Hypereosinophilia (HE) is eosinophil count >500/μL. The association of HE with acute lymphoblastic leukemia (ALL) is extremely rare, with an incidence of less than 1%. HE may precede the common symptoms and signs of ALL by several months or weeks. In some cases, the symptoms may be due to eosinophilic organ or system infiltration, and these findings may be different from the classical ALL symptoms, thus delaying the diagnosis. Here, we report a male patient who presented with HE and was diagnosed as PreB-ALL.

A 9-year-old boy patient was admitted to Inonu University Turgut Özal Medical Center with complaints of testicular pain and swelling. The patient's hemogram showed HE, but there was no leukocytosis or cytopenia.. No atypical cell was observed in peripheral smear. On scrotal ultrasonography (USG), the left epididymal head had a mildly heterogeneous appearance and the patient was treated for epididymitis with suspicion of epididymitis.
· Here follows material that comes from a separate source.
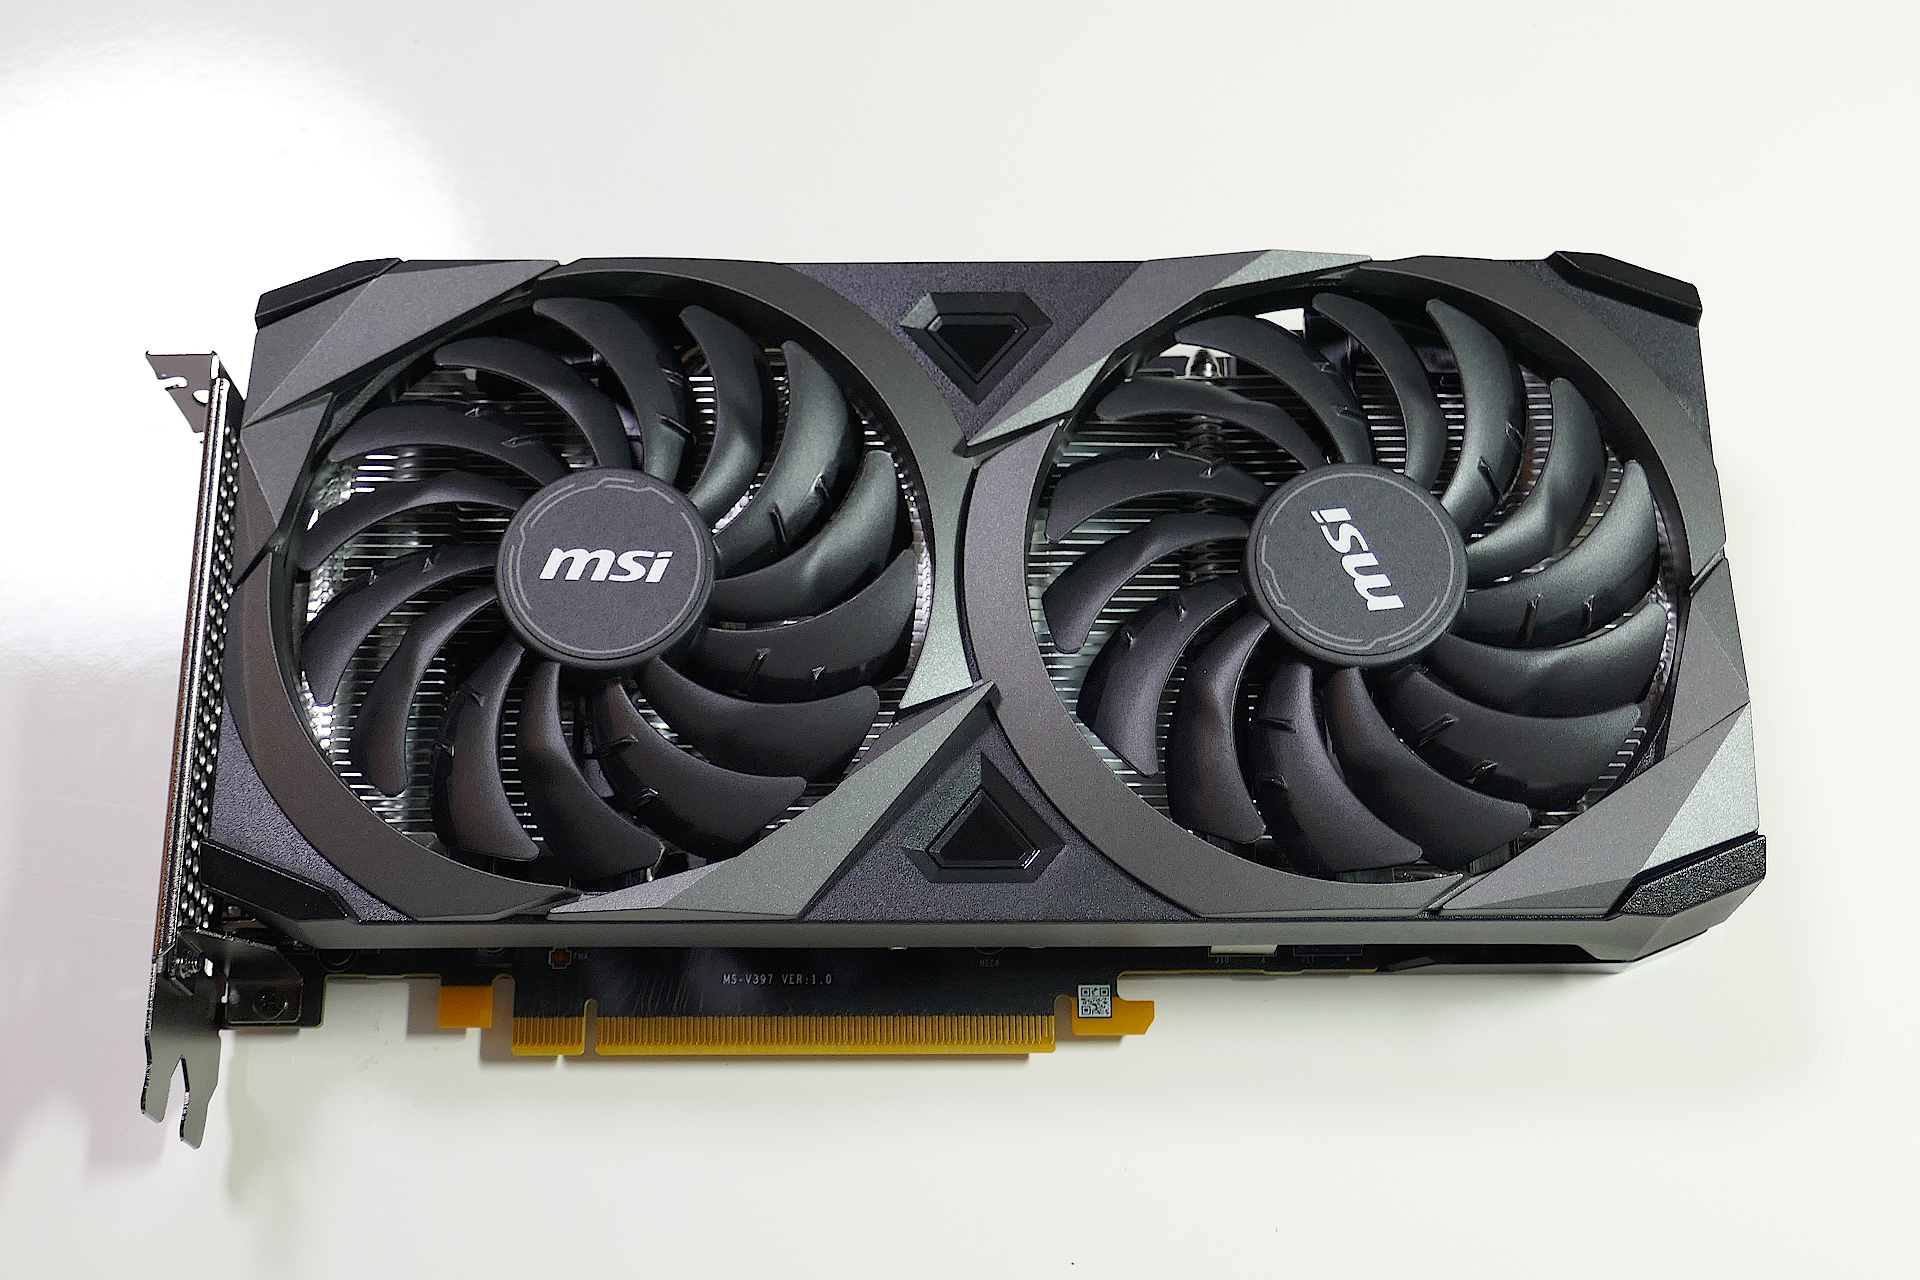 グラフィクス カードのMSI GeForce RTX 3060 VENTUS 2X 12G OCを正面上方から撮影した写真。 黒色のシェルに多数のブレードが有る2基のファンが搭載されている。

Approximately one week later, the patient presented with fever . The patient's peripheral smear showed 36% blasts, 38% eosinophils, 2% monocytes, 6% lymphocytes, 10% segments and 8% bands. Bone marrow aspiration was performed for the diagnosis of acute leukemia and PreB-ALL was diagnosed. Control testicular USG was evaluated as testicular involvement of leukemia. During follow-up, the patient had nausea, vomiting, dizziness, decreased visual field, nuchal rigidity, and outward gaze limitation. Magnetic resonance (MR) venography revealed thrombosis in the inferior sagittal sinus and anticoagulant therapy was initiated. The patient with central nervous system symptoms was considered to have leukemic involvement and his treatment was adjusted.

ALL is a condition that can cause HE. The prognosis is poor in ALL patients presenting with HE. HE may occur before the classical ALL symptoms therefore the diagnosis of ALL should also be considered in patients presenting with HE.